Don't drive to see him - he can come to you. Tell him you hate the watch. Tell him he's made your birthday shit. The ball should be in his court - he has to put things right, not you.

What do you mean by if you say something he's going to flip out? Does he not take criticism well?

Hassled · 03/06/2012 08:57

passed, not past

AllRiseForHerVaj · 03/06/2012 08:58

He shouldnt have gone on the stag night. Bottom line.

Chandon · 03/06/2012 08:58

He behaves like that because you let him.

You are too accommodating!

He is NOT a great guy, really

AThingInYourLife · 03/06/2012 09:13

Don't bother your arse driving around so you can see him.

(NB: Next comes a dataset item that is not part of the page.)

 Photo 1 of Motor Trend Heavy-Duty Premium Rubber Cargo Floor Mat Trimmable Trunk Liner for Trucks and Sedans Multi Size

He fucked off for the weekend. Now you make it the nicest weekend you can.

Happy birthday! :)

VodkaJelly · 03/06/2012 09:17

He actually went away on your 40th birthday? Shock

My 40th is later this year and I had accepted a friends hen party in Spain before I got the dates, when I got the dates my 40th is in the middle, i wouldnt be in the country for it and wouldnt be back for another 2 days.

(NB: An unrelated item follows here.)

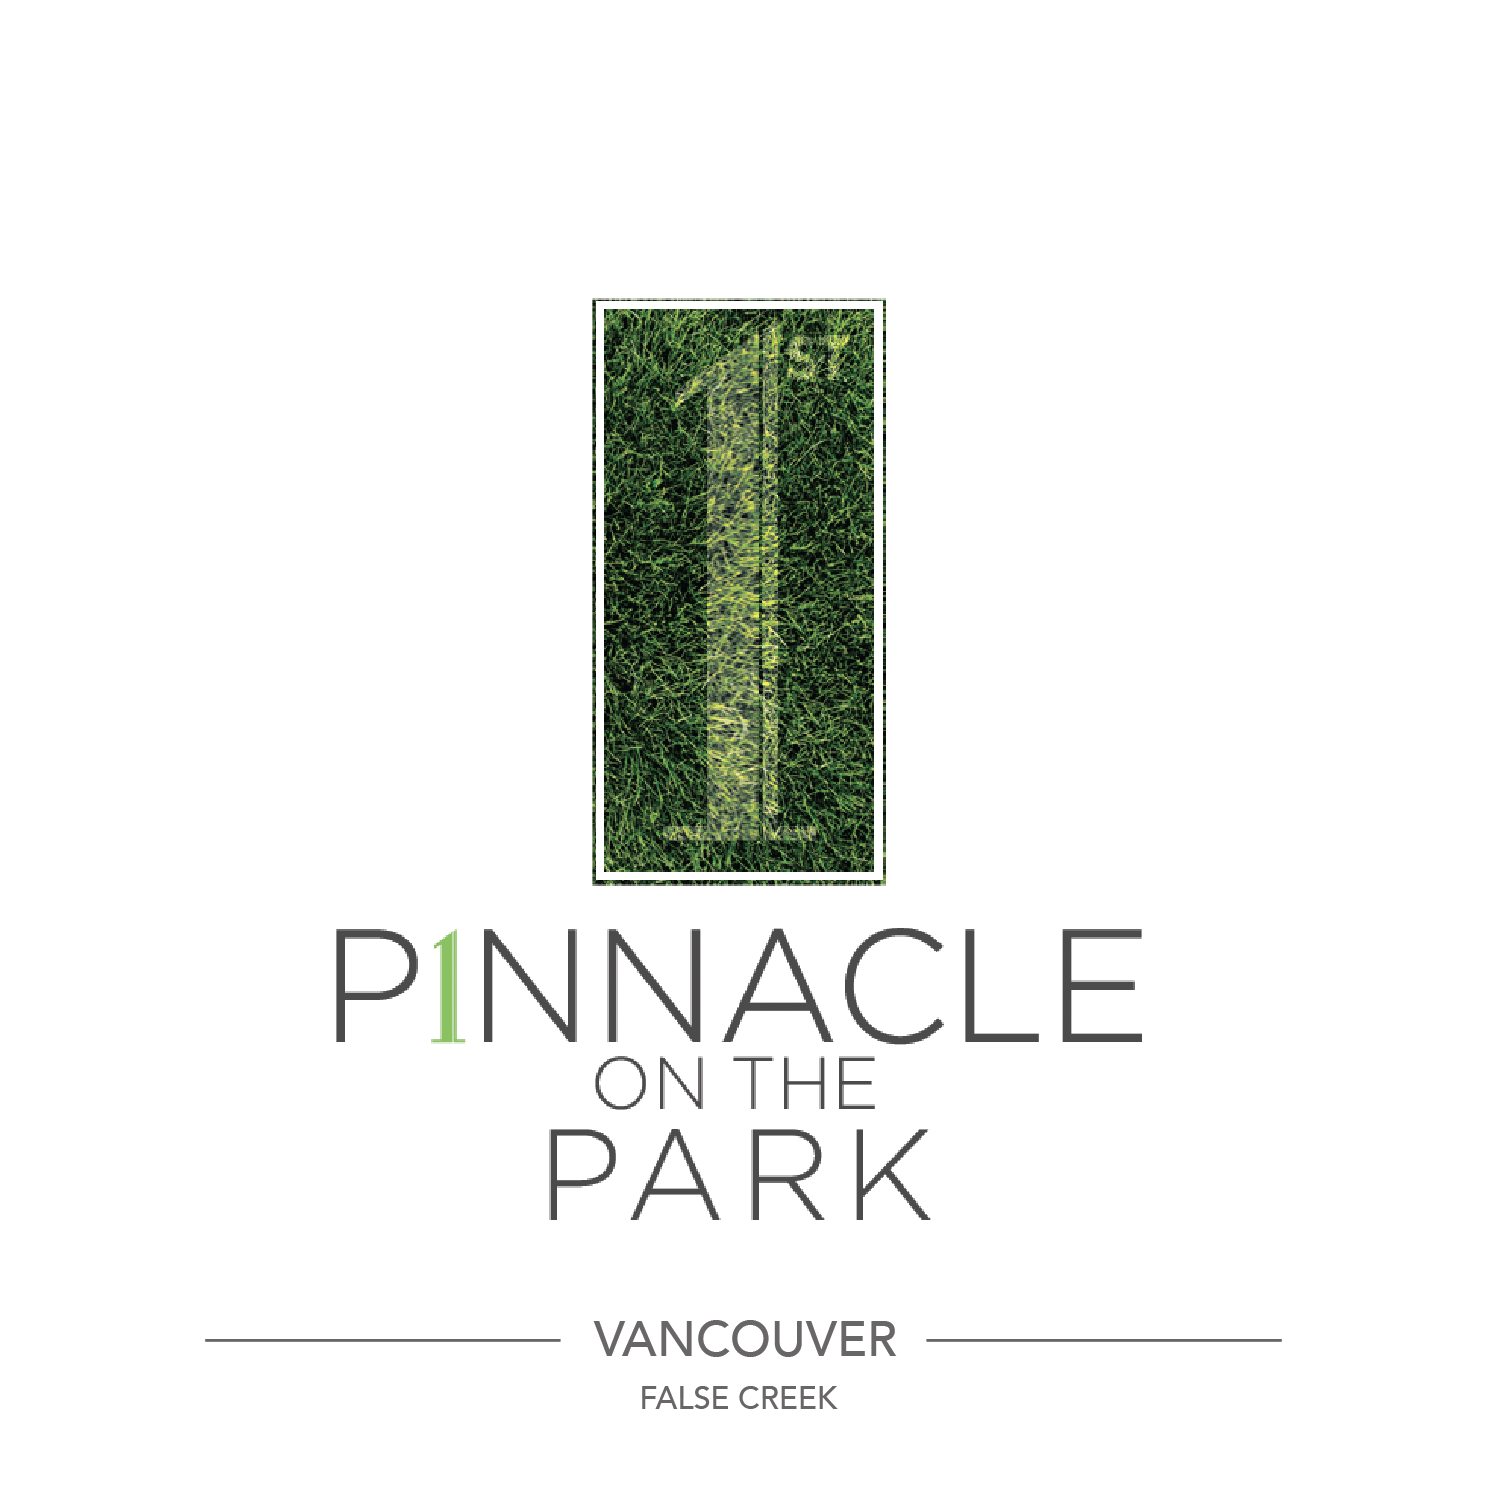 I have sold a property at 803 1708 Ontario ST in Vancouver

DP was not happy, saying he wanted to spend my 40th with me and wanted me to be at home and not in Spain, this is how it should your DP wanting to spend your special day with you.

What do you get from this relationship?

AllRiseForHerVaj · 03/06/2012 09:20

DH and I have a very equal relationship and are happy to accommodate each others' social lives as far as possible. He is even going off to Euro 2012 for our wedding anniversary Shock....but he put this to me months ago, before he booked it, and wouldn't have gone if I had had a problem with it. He is also taking me on a romantic weekend away afterwards, so that we don't miss out on that time together (which is why I was OK with him going Grin).

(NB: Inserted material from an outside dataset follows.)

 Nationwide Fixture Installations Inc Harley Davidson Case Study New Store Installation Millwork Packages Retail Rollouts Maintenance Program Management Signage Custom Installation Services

I am not saying this to be an annoying smuggard, but imo, this is how it should be. Give and take, discussion, compromise, agreement.

It is shit that you are left alone on your 40th birthday and over a bank holiday weekend, and that you are feeling so shitty about it. I really feel for you. It sounds like your DH just doesnt take your feelings in to account. Time to get assertive.

pamelat · 03/06/2012 09:25

He should have cancelled when you/he realised your 40th birthday!! It's frankly ridiculous

However, does he even know how upset you are?

outofteabags · 03/06/2012 09:40

My birthday was during the week so he came home for it. I think I am just really feeling it as the whole country seems to be doing stuff and we aren't. I am travelling partly to rectify that. Me and the kids are going to a party this afternoon and Dh will come find us tomorrow.
When he is at home, he is great, dies everything you ask him to and more - completely steps in and up as he hates being away.
I think from the way I have written it I have made him out to be a monster. He isn't, he is just clueless sometimes. But am am relieved to see I am not bring unreasonable in currently feeling this horrid bitterness

OP posts:
tribpot · 03/06/2012 09:43

Okay so in his defence, he was there for your actual birthday but away for the start of the long bank holiday weekend. But your OP said I am always the one making do and I think this is at least partly to do with the fact that your current arrangements, with him being away from home all week, puts an enormous burden on your shoulders alone. When do you get to go away and have fun, leaving him with the house and the kids to sort out?